2.10 Colony formation assays
1000 cells/well were plated in 6-well plates, and pools of cells were used to assess growth and clonogenic ability. Ten days after plating the cells, clonogenic progenitors were determined and cells in each group were replated for 6 times. Colonies were rinsed twice with ice-cold PBS, fixed with 4% paraformaldehyde for 20 min on ice and washed twice with PBS. After fixed with methanol, cells were stained with 0.1% crystal violet solution 30 min and then the colonies were imaged and counted.
2.11 Ethynyl deoxyuridine (EdU) Staining
Transfected cells were inoculated at a density of 2 × 104/ml per well in 96-black bottom. A total of 6 reduplicate wells were set up for each group. EdU staining using the Click EdU kit (Abbkine, USA) was performed according to protocol. Cells were incubated with basal medium containing 10µM EdU at 37°C for 2h. Subsequently, cells were fixed with 4% paraformaldehyde for 30min followed by washing with 3% BSA and permeabilization with 0.1% Triton X-100. Afterwards the cells were stained with 50µL of fresh reaction cocktail, and the nucleus was stained with 50µL of DAPI, followed by viability determination with a fluorescence microscope (LEICA DFC450C). The EDU-positive cells were counted in five random visual fields from each well and percentages were calculated.
2.12 Cell migration and invasion assays
Transfected cells resuspended in serum-free medium were seeded into the upper chamber of 24‐well inserts with or without Matrigel (BD, USA). Then, 600ul of medium supplemented with 20% FBS was added into the lower chamber. After incubation for 24 hours (SW480) or 36 hours (HCT116), non-invading cells in the upper chamber were scraped off. The cells on the bottom surface of the chambers were fixed using 4% paraformaldehyde, and stained with crystal violet solution. Invading cells or migrating cells were photographed and counted under a light microscope (LEICA DFC450C).

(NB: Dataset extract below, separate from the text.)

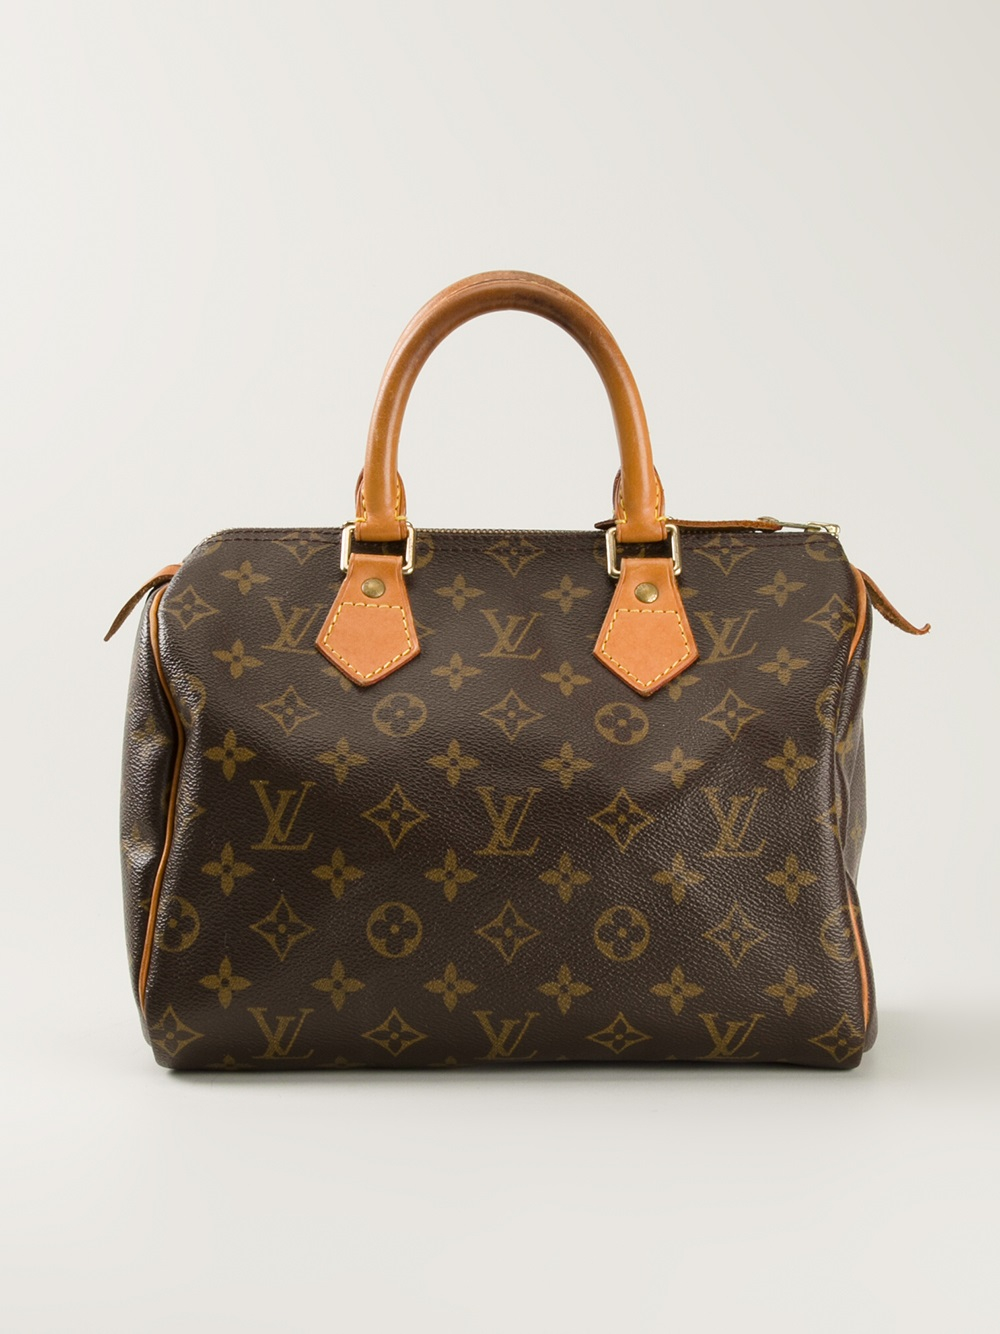 Lyst - Louis Vuitton Speedy 25 Monogrammed Bag in Brown

2.13 In vivo tumor xenograft experiments
Ten 6-week-old BALB/c male nude mice were used for the tumor xenograft experiment. The cell suspensions of HCT116-OE-NC and OE-TRG-AS1 were inoculated subcutaneously on the upper right forelimb of nude mouse, respectively. The body weight and tumor morphology were recorded. Tumor volume was measured every 3d with a vernier caliper and calculated as 0.5 × width2 (cm2) × length (cm). All experimental procedures have been approved by the Ethics Committee of Zhengzhou Central Hospital Affiliated to Zhengzhou University.
2.14 Statistical Analysis
The data were presented as mean ± standard deviation. Statistical analysis between two groups was performed using the Student's t-test. The expression correlation was determined by Pearson coefficient analysis. The correlation between TRG-AS1 expression and clinicopathological features of CRC patients was evaluated by Chi-square test. The P < 0 .05 was considered significant. Statistical analysis was performed on SPSS 24.0.